For Kimberly Vo, a software engineer in the Bay Area who wasn’t yet eligible to make a vaccine appointment when we spoke, it’s mostly just an online joke: “It’s this funny, lighthearted thing that has sprung up over social media,” she said. “My personal perception came mostly from going on TikTok. It’s a lot of Pfizer elitism on there.

“Everyone’s just been bored, and we’ve been locked in our houses,” she said of the way the vaccines have become personified. “We finally have something that is unifying all of us.” There’s been criticism that all this amounts to “stanning” for pharmaceutical companies, players in an industry that is widely acknowledged to be, if not flat-out evil, at least worthy of skepticism. I would give a little more credit to the memers, many of whom I think are playing on that very irony for laughs.


But jokes can shape people’s perceptions, as Cox, the former state representative, discovered. “One of our friends was supposed to get the Pfizer shot, but he messed up his order, and ended up getting Johnson & Johnson,” he said. After so much exposure to Cox’s Pfizer boosterism, the friend had a case of PFOMO. “He has not been following a lot of this, and so he was like, ‘OK, but is this one actually worse?’ ” Cox said he reassured his pal that the J&J shot would protect him.

Leininger, too, came up against the issue not of Pfizer snobbery but J&J sneering, recalling one meme in particular. “There’s one that I find disappointing—understandable, but disappointing. I saw one that said ‘House J&J: Good enough,’ and I was like, ‘Oh man!’ As a public health professional, I wish that weren’t in the zeitgeist.” And if it wasn’t in the zeitgeist widely before—we spoke before the J&J pause—it sure is now.

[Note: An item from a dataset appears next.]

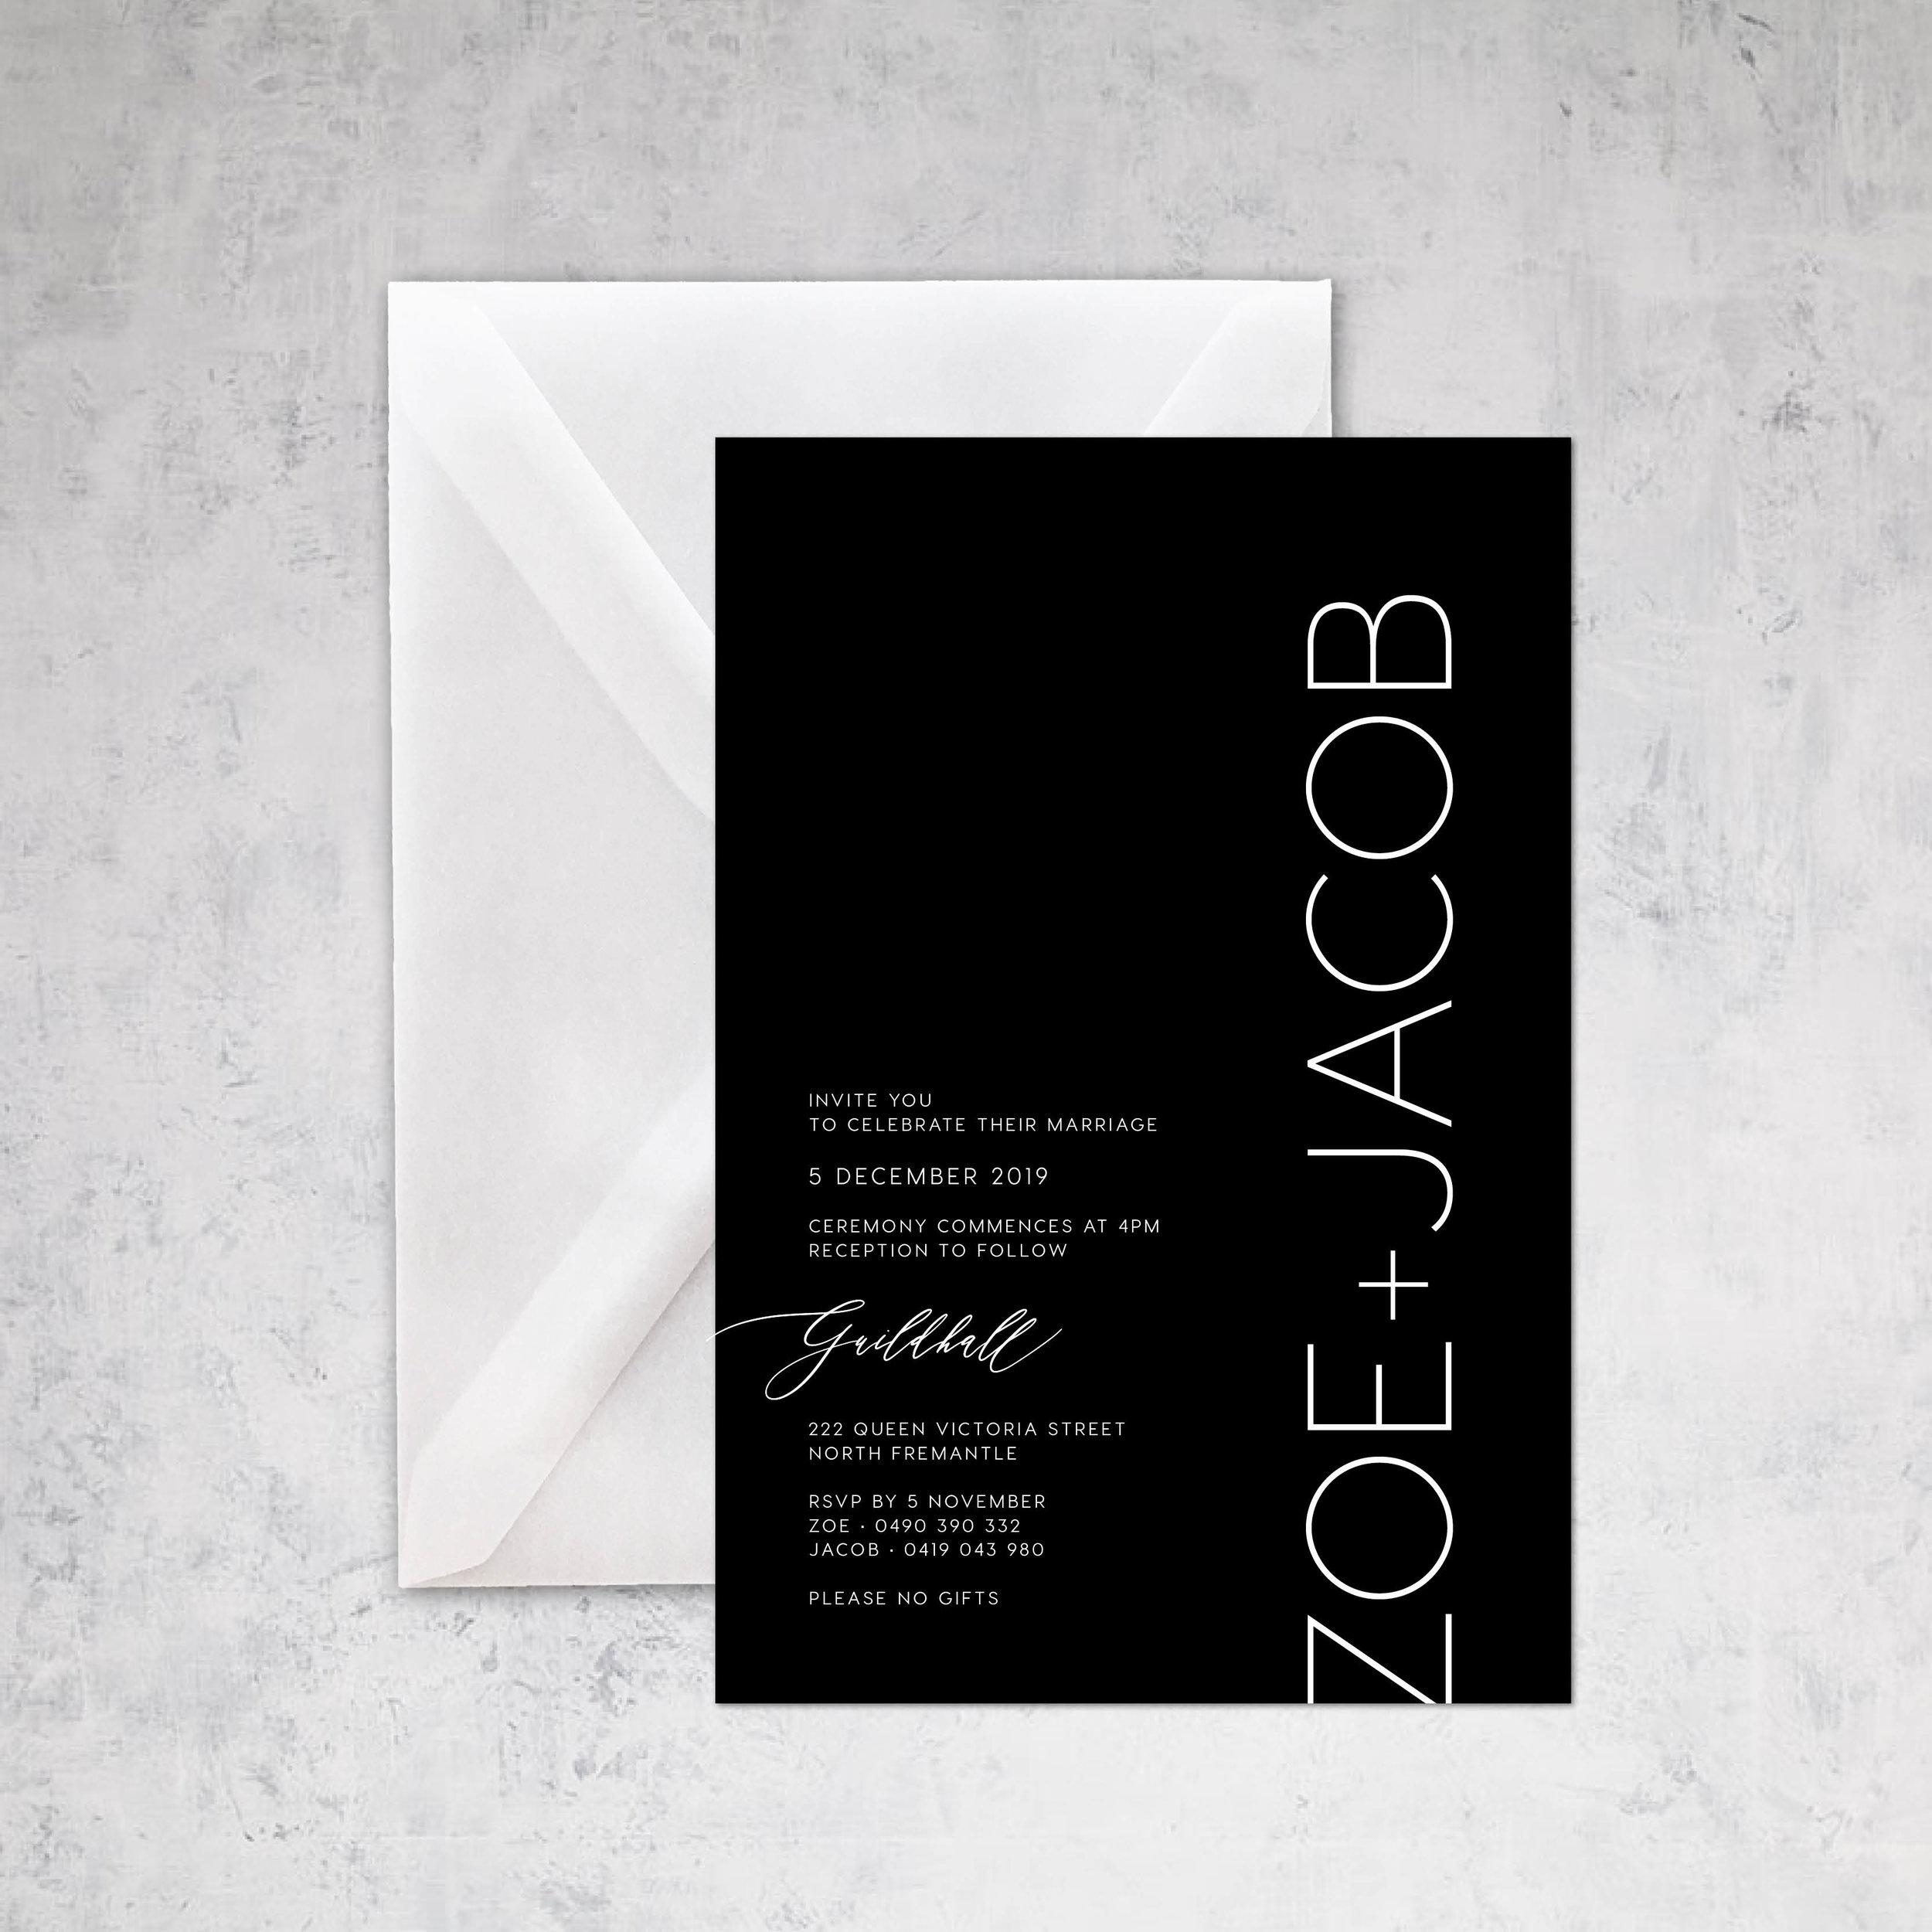 Invitation design Zoe + Jacob
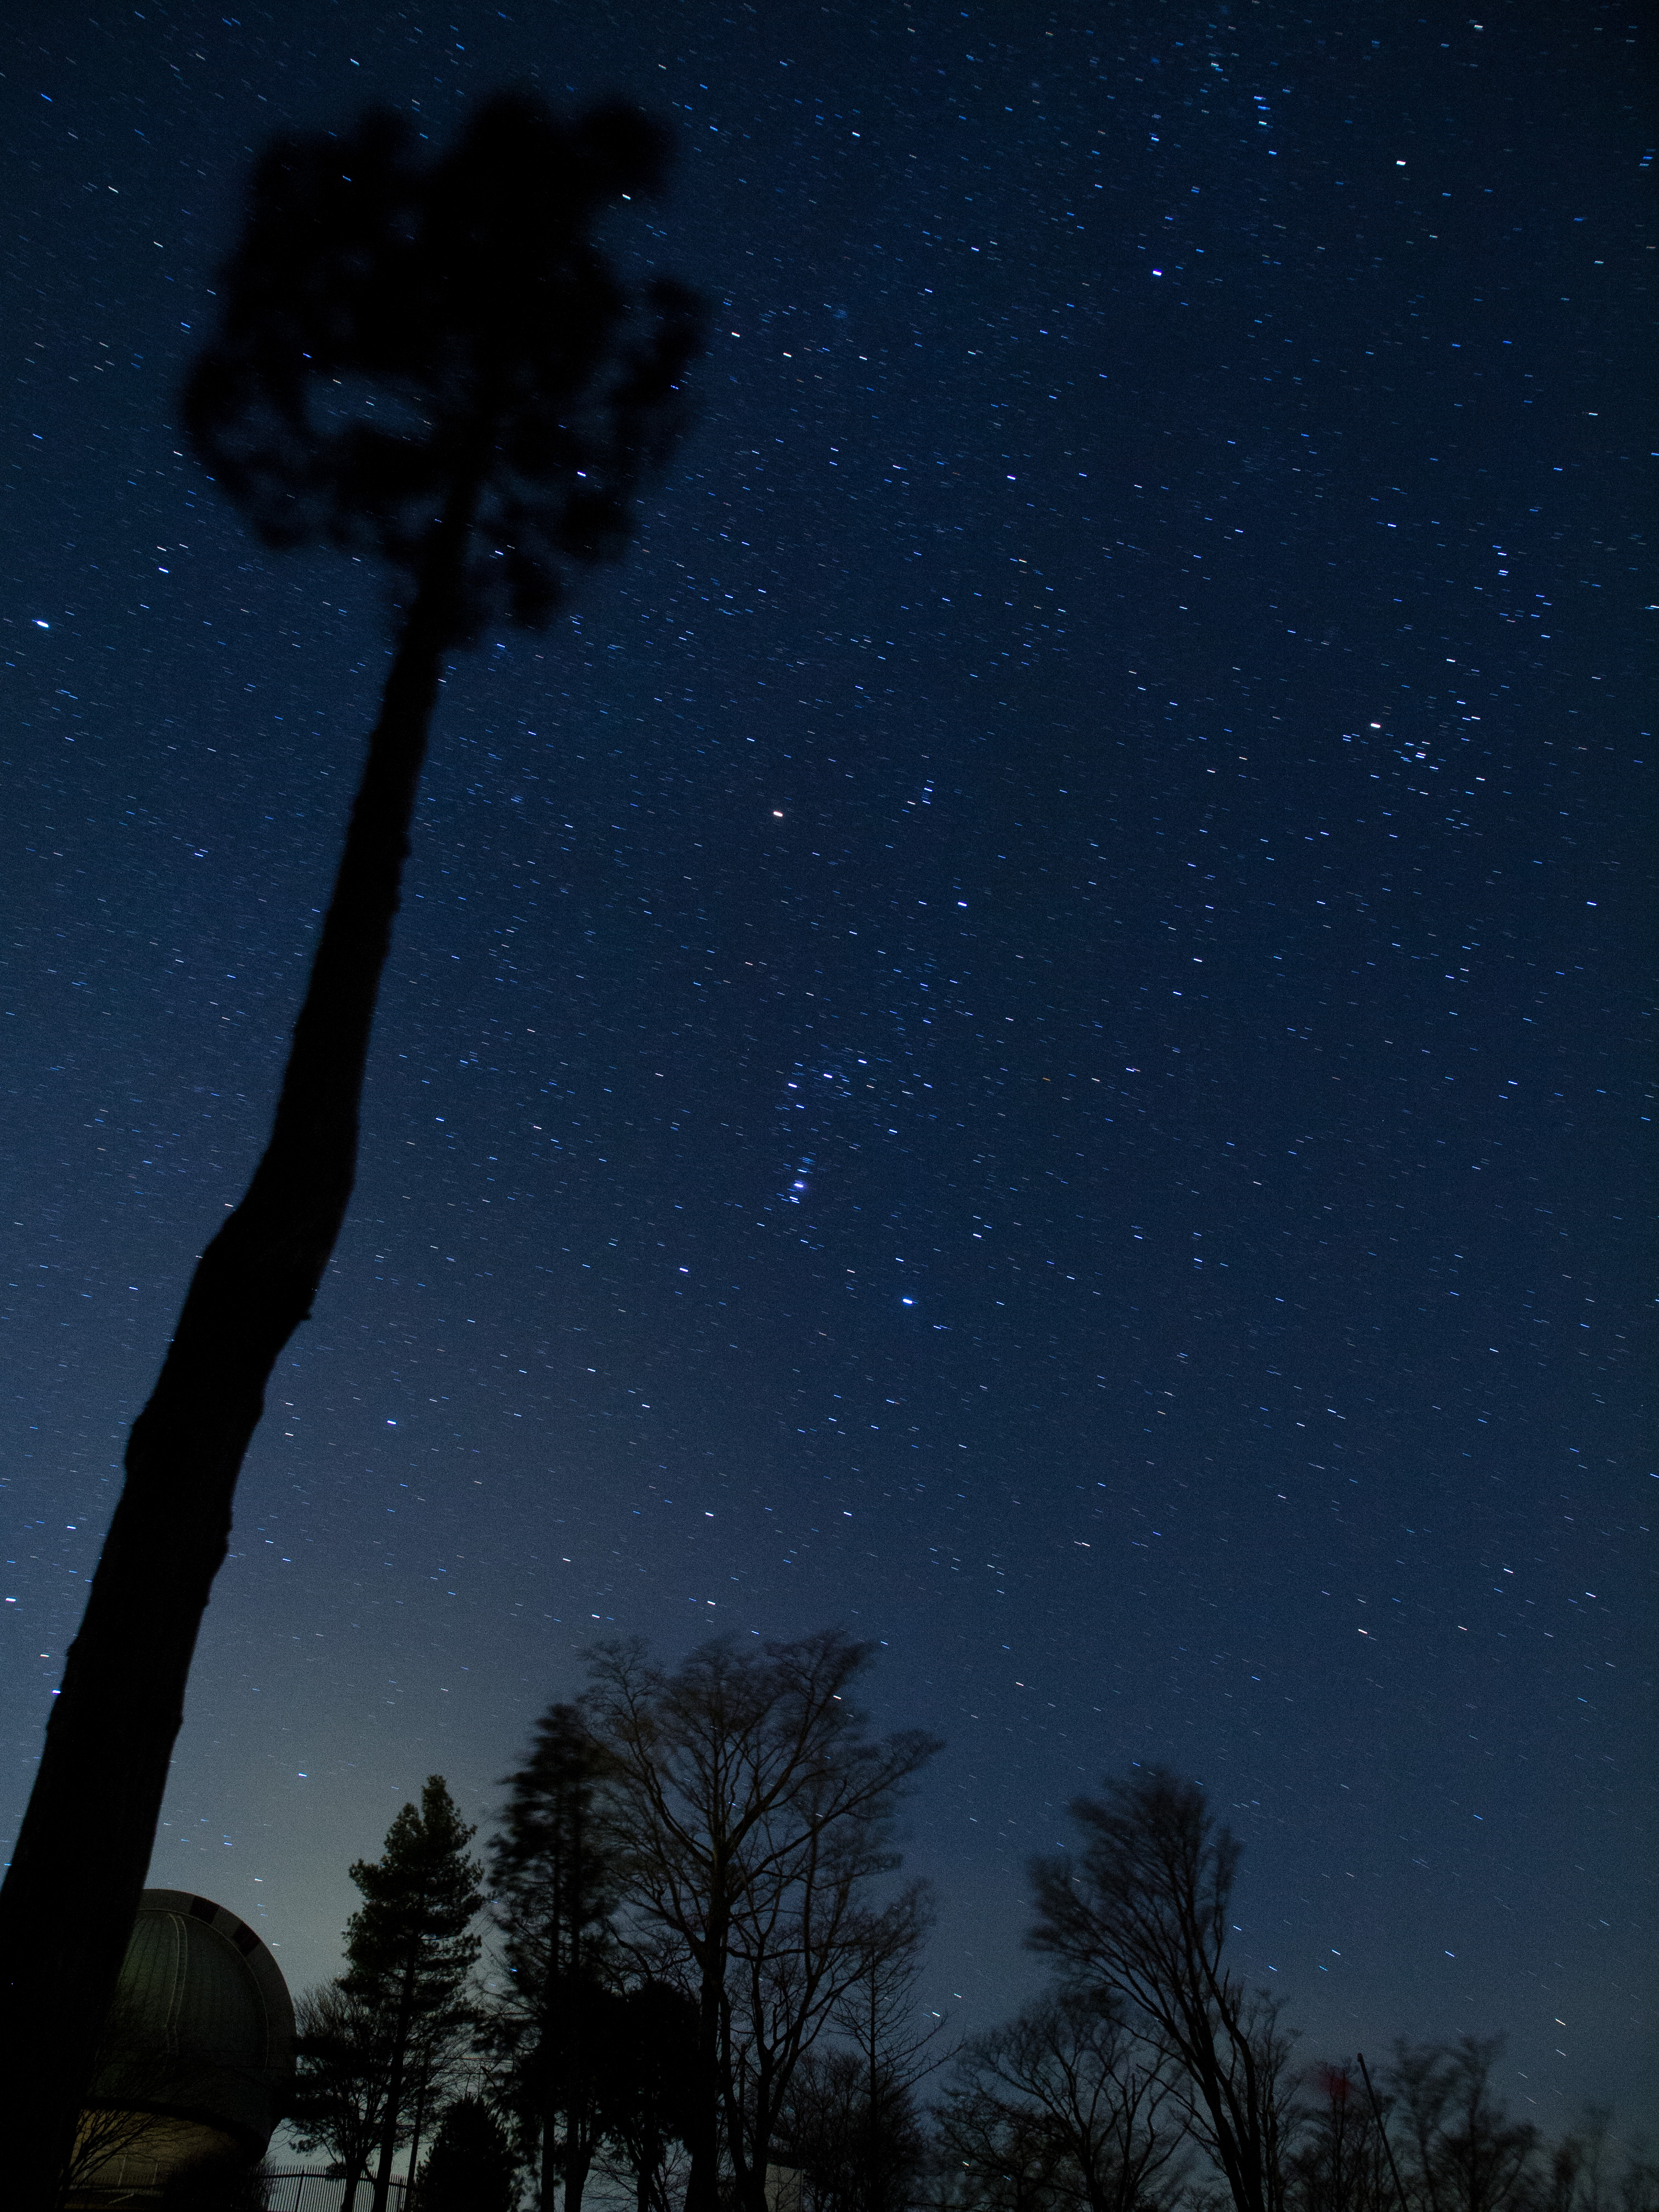 <b>カメラを三脚に固定して1分露光。地上の景色は止まっているが、星は動いてしまい流れている。E-5 / ZUIKO DIGITAL ED 12-60mm F2.8-4 SWD / 約3.8MB / 3,024×4,032 / 60秒 / F3.5 / 0EV / ISO800 / 12mm</b>

As much as he knows “it’s all nonsense,” McLean said it could be slightly awkward to compare notes with friends who’d gotten different shots. He recalled trying to comfort a friend who was “downhearted” after getting the AstraZeneca. “It’s a little bit like if you’re comparing exam grades,” he told me. He felt like he’d gotten an A with Pfizer, while his friend had gotten a B or a C—and he didn’t want to make it worse by rubbing it in.